A smart contract is simply a piece of code that will check the parameters of an object. If they change, then the smart contract will initiate certain clauses firing other functions. For an example, let’s look at the smart contract that I coded. When a loan application is made, a set of transactions are made. If the loan is then opened on the admin side of the web platform, and certain parameters are changed, then the smart contract will check to see which ones were changed. It will then create transactions based on which parameters were changed. This reduces the risk of errors and the amount of manpower needed. The complexity of smart contracts is scalable. For instance, if the trust between two parties is strong, a smart contract could alter parameters in another company’s database if certain clauses are crossed or breached.

Why all the buzz?

I know what you’re thinking. This seems pretty basic, and any company that has in-house developers will have coded some form of smart contract, it’s not a new concept. What are people talking about it? It’s because the utility of smart contracts has increased. In 1996, how widespread was the internet? How good was standard computation? How clean and well-structured was the data flow? Not as good, or cheap as today. With high-level programming languages and the increasing ease of obtaining good quality hardware, smart contracts are moving into the realm of individuals and small businesses.

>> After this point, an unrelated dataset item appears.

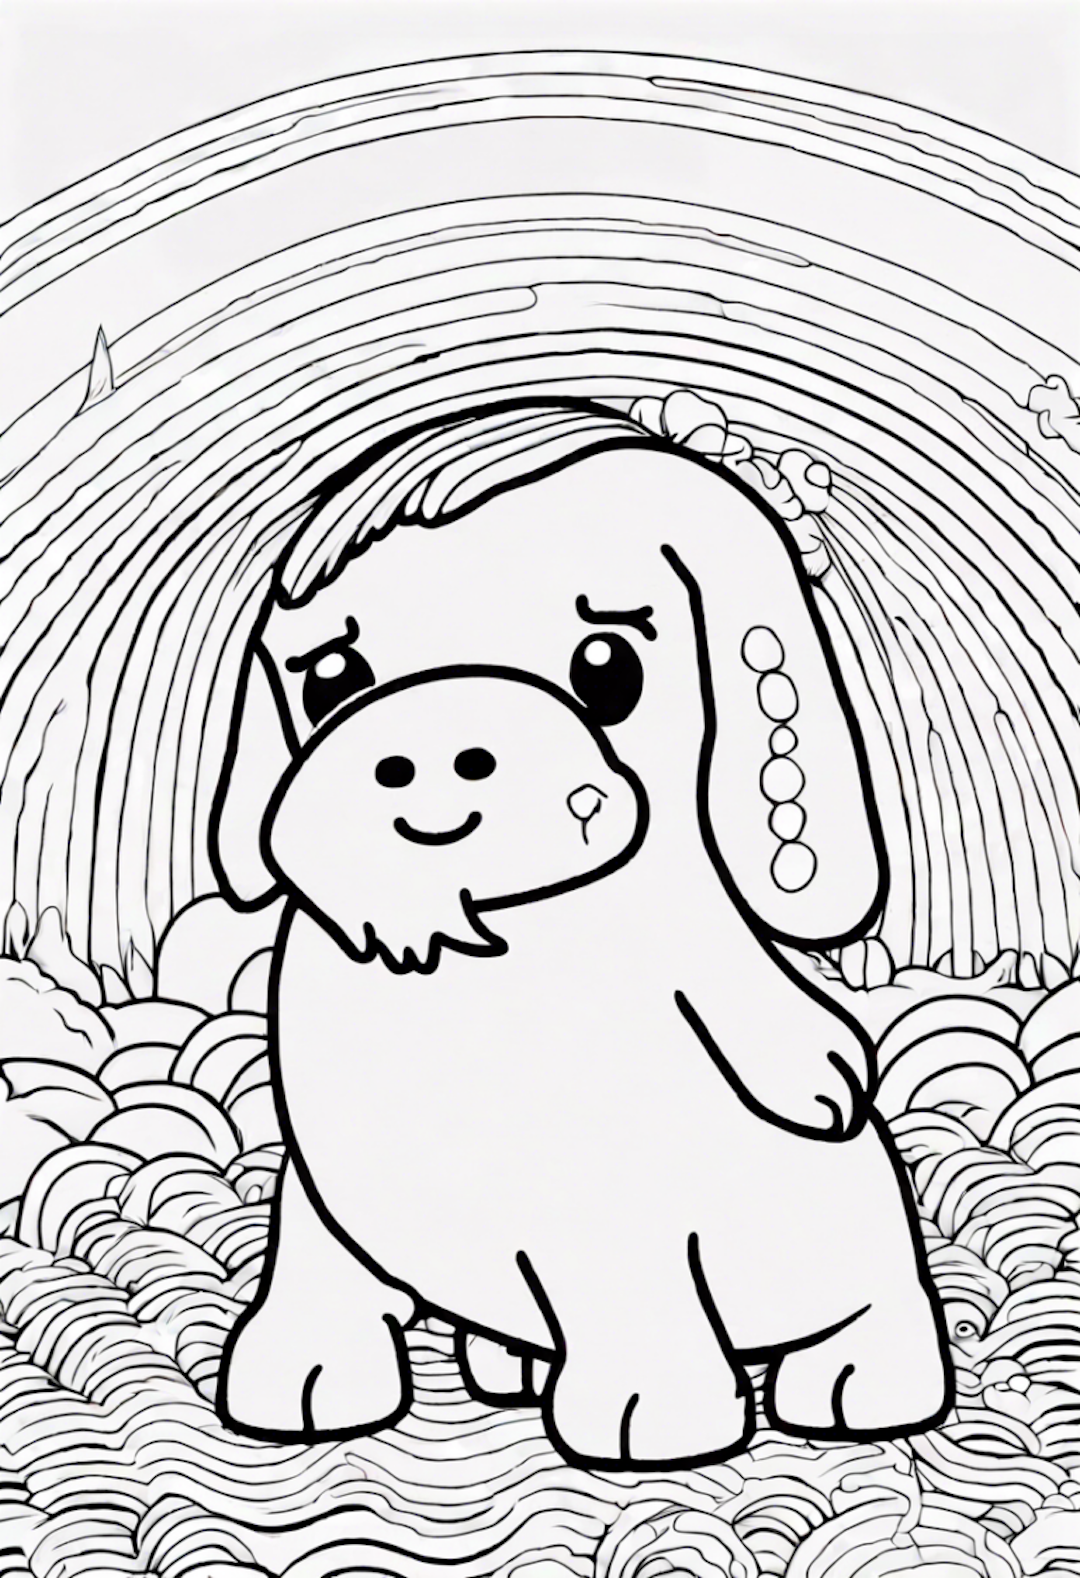 Buddy the Dog Meets the Rainbow coloring pages

They’re not legally binding

Despite the name, they are not legally binding. Instead, smart contracts can be used to enforce clauses in legal contracts. This does make sense. There can be bugs in the code or certain parameters that were not considered resulting in strange results. You could potentially find yourself in some legal grey areas if these were legally binding. I am no lawyer, and I will not pretend to be. I’d be deceiving you if I gave any more detailed information on the legal aspects. The take-home message is that at the time of writing this, smart contracts need traditional legal proceedings before being created.

They get more powerful with trust

As mentioned in the second section, the complexity of a smart contract can increase if the trust is there. Trust is a big part of transactions and tech and has been throughout history. In the industrial revolution, British law was so well defined, England attracted a lot of foreign investors. If you’re skeptical, then test this. Pour some of your savings into a company in Nigeria. Your investment will theoretically go further as land a labor is cheaper. Many of you won’t because you know that corruption is rife, and the legal system has a lot to be desired. Although it makes financial sense your trust is lacking. Before tech, the best way to establish trust is through big institutions who have reputations. Individuals couldn’t compete because the average human has a finite memory and time to research. Before the internet, an individual could listen to a few friends if it’s local and read about a few big companies if he needed to trust someone with his banking transactions. The internet has completely changed this. Online rating systems and availability of data through online searches have empowered small businesses/individuals to establish a profile. Functions give customers a chance voice their concerns publically. Now with decentralized databases enabled by blockchain, trusting individuals has hit a whole new level. Trusted peer to peer transactions are now a reality as a decentralized database means that neither party has 100% control of the data.